### Input data
#####
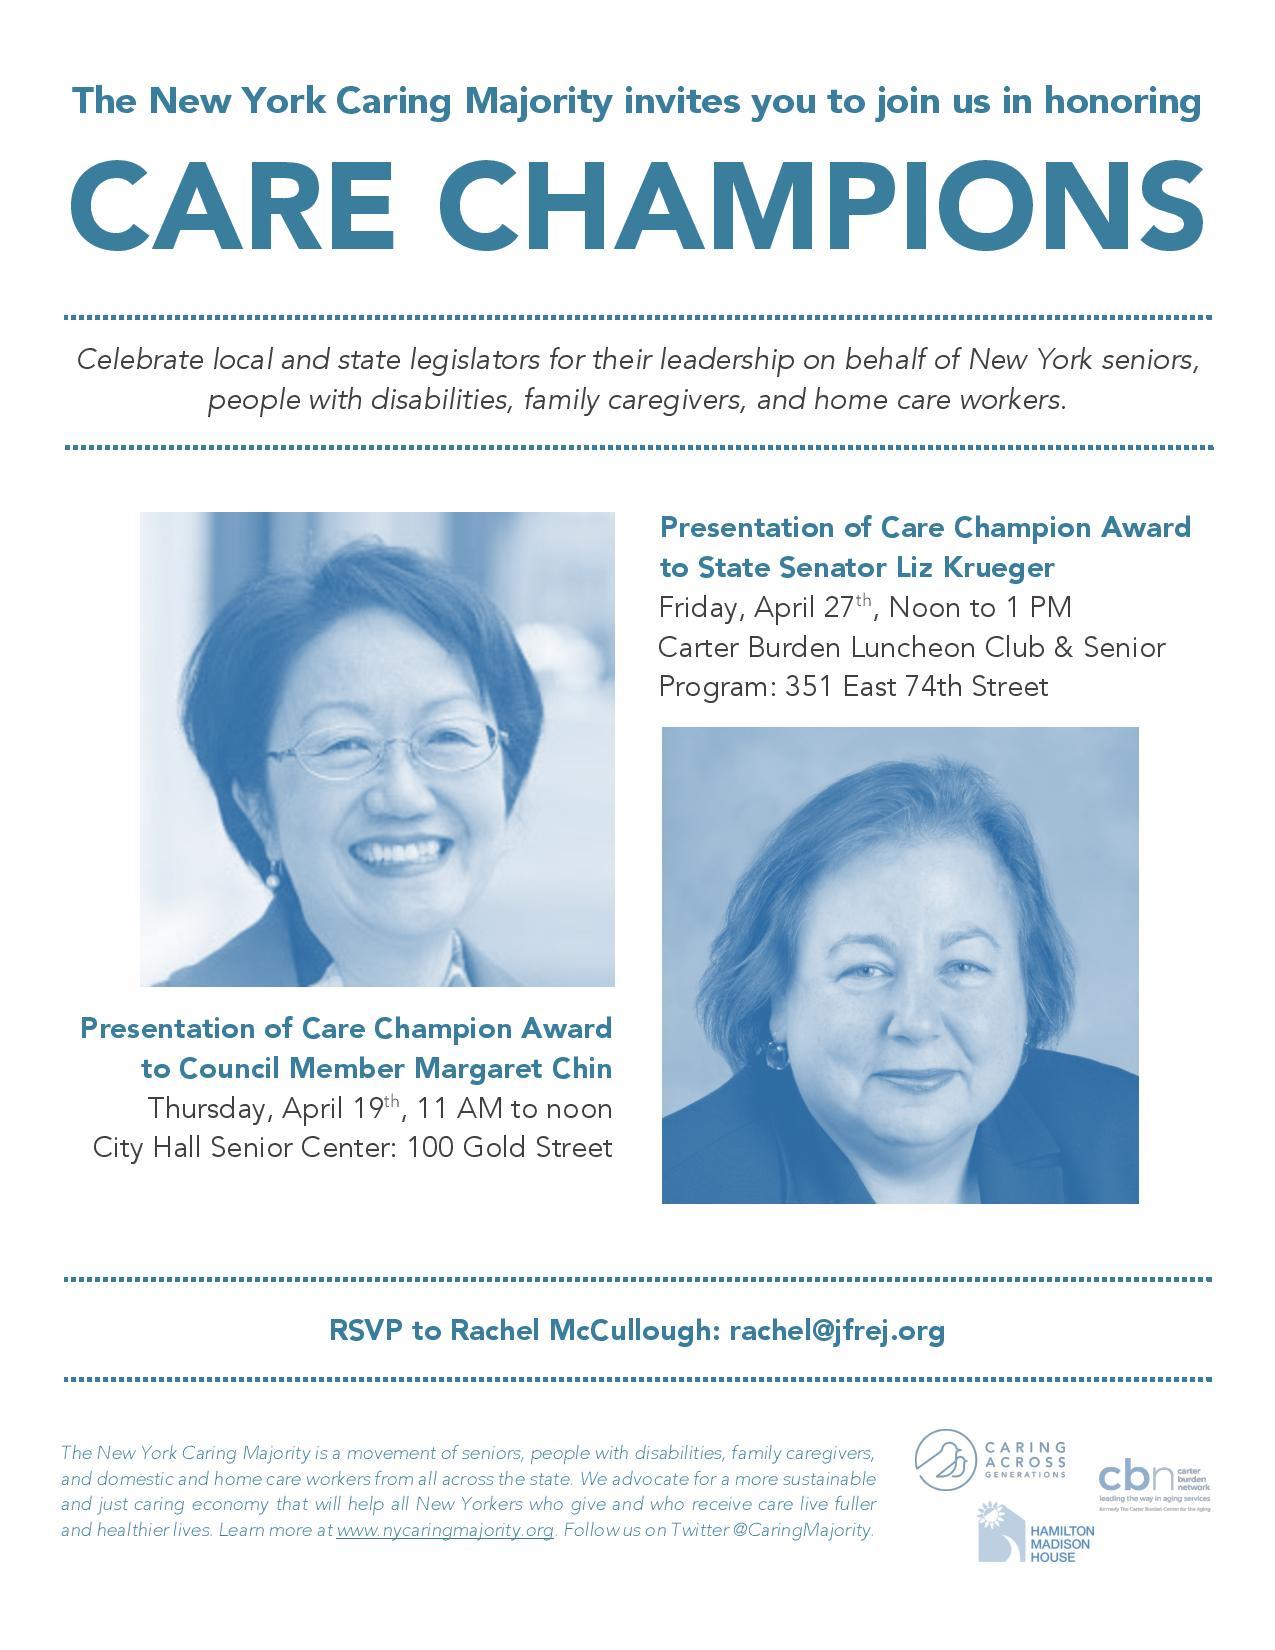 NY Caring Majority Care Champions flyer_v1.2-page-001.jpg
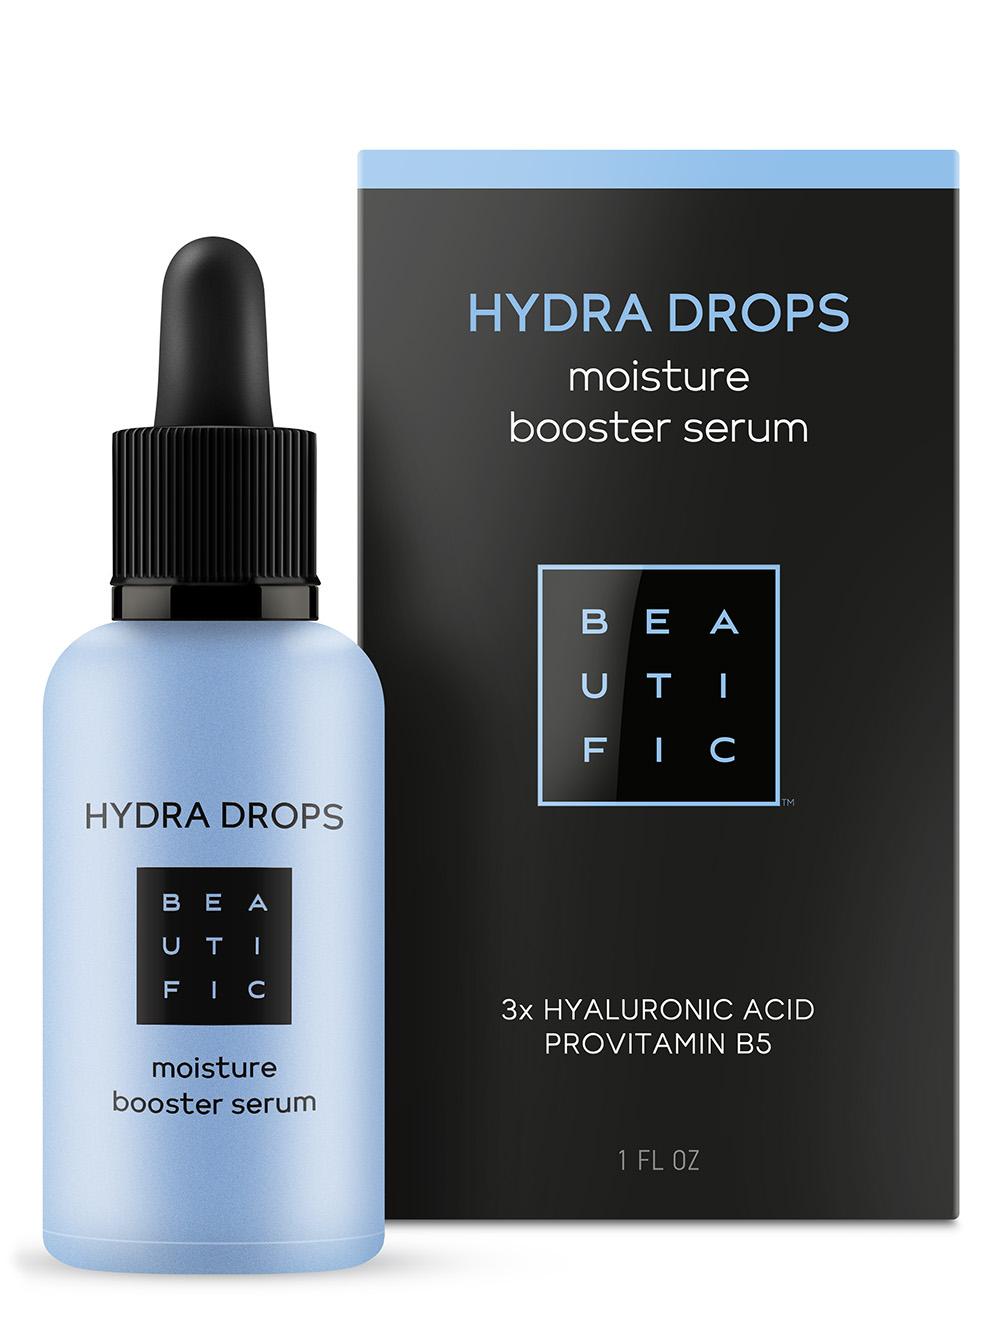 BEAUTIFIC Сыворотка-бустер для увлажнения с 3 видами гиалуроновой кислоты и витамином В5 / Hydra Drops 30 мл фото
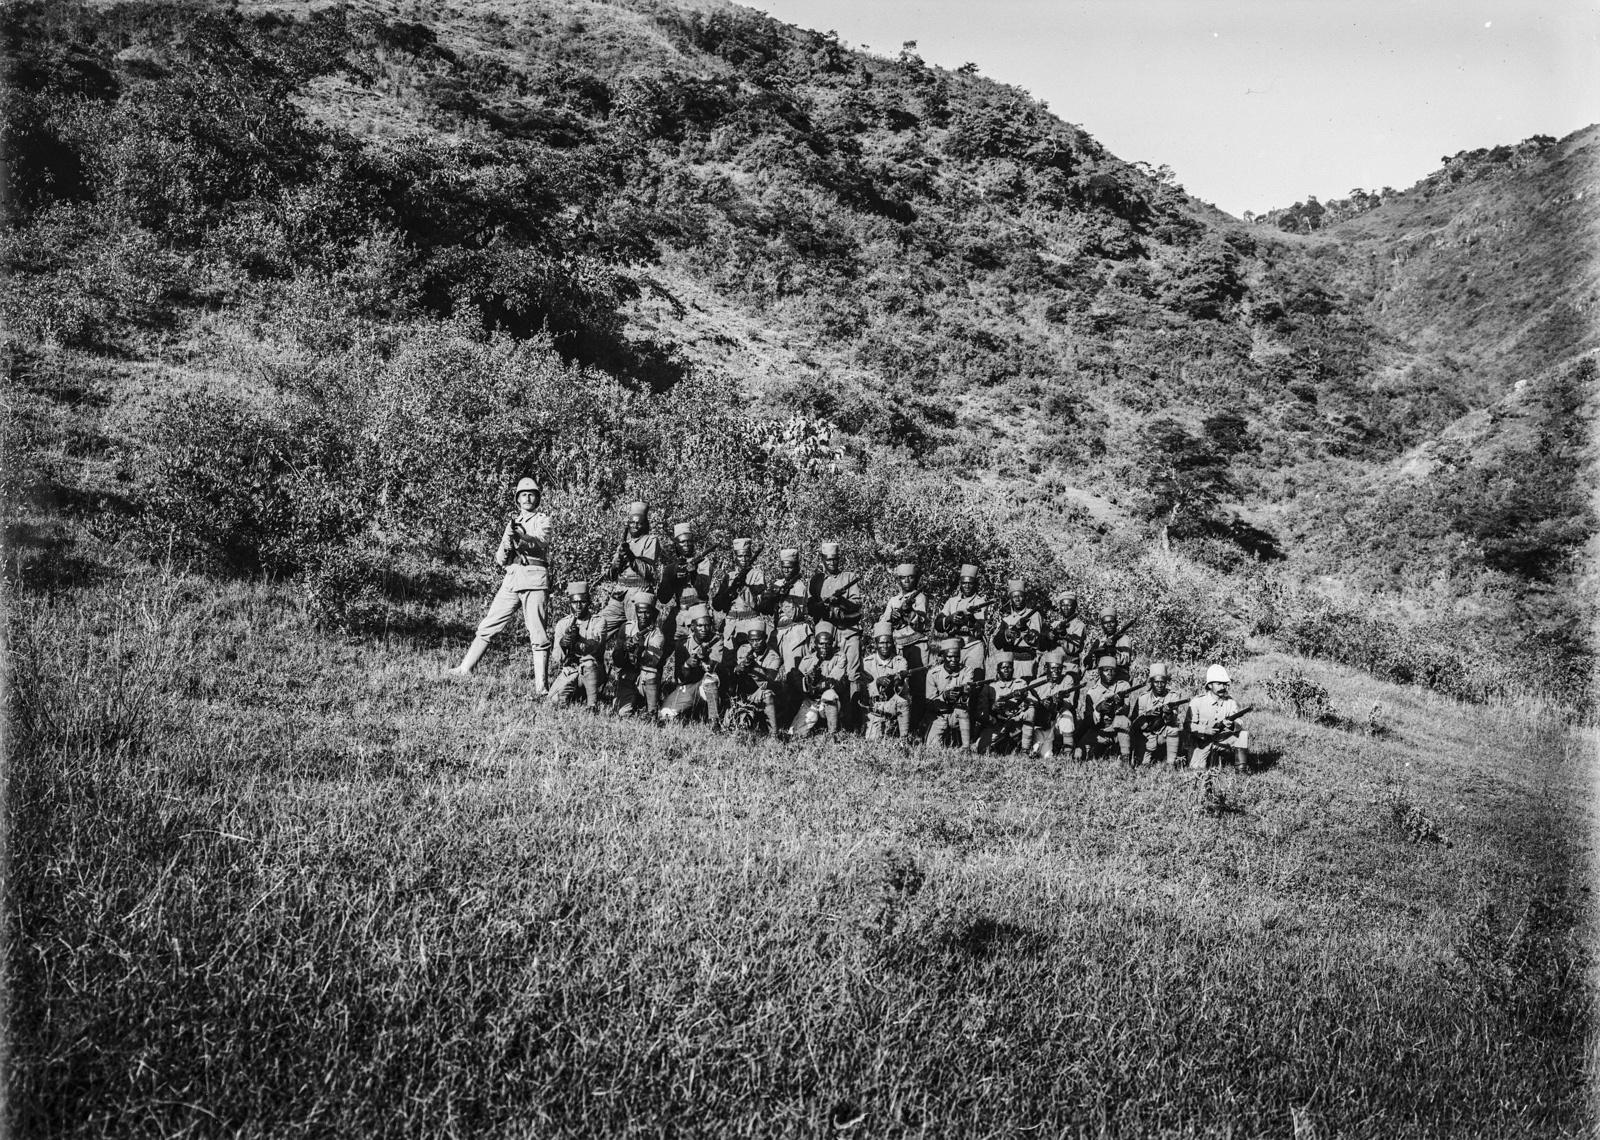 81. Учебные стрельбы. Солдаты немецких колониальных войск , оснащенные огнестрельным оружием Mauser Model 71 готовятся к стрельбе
#####
### Task description
From the first line to the last, retype the data exactly, without images.

### Answer section
 NY Caring Majority Care Champions flyer_v1.2-page-001.jpg
 BEAUTIFIC Сыворотка-бустер для увлажнения с 3 видами гиалуроновой кислоты и витамином В5 / Hydra Drops 30 мл фото
 81. Учебные стрельбы. Солдаты немецких колониальных войск , оснащенные огнестрельным оружием Mauser Model 71 готовятся к стрельбе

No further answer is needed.